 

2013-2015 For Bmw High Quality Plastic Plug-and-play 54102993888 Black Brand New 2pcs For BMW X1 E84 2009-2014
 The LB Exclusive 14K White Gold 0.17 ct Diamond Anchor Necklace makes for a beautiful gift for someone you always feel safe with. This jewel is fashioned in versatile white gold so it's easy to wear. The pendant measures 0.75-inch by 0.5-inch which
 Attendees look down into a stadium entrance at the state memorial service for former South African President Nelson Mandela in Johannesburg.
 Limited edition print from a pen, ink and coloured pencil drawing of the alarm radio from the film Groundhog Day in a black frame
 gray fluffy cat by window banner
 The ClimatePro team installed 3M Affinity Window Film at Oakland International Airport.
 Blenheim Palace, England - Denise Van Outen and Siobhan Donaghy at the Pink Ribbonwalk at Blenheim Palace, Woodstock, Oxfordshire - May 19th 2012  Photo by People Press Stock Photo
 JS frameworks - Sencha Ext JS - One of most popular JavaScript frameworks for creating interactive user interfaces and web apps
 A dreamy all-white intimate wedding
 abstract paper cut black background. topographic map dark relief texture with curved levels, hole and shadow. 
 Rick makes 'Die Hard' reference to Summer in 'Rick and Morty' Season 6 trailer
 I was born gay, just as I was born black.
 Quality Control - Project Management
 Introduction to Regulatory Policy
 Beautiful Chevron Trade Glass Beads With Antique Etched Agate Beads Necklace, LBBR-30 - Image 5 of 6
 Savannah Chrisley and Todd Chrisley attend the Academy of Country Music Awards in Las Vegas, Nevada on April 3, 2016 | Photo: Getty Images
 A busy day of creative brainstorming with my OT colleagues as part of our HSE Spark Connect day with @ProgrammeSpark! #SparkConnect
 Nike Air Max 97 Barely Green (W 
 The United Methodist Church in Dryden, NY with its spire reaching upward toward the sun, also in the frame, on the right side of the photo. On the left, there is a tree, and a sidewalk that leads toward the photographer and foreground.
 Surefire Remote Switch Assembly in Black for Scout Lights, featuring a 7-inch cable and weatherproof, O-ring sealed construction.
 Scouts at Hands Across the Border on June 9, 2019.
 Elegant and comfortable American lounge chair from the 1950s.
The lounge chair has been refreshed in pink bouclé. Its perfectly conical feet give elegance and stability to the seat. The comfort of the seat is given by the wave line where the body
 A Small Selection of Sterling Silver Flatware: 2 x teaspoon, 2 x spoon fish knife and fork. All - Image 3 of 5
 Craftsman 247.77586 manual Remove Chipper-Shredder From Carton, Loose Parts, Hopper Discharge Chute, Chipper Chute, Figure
.....
Task goal ▸
Please return every line of the material above that includes "lounge".

Response ▸
 Elegant and comfortable American lounge chair from the 1950s.
The lounge chair has been refreshed in pink bouclé. Its perfectly conical feet give elegance and stability to the seat. The comfort of the seat is given by the wave line where the body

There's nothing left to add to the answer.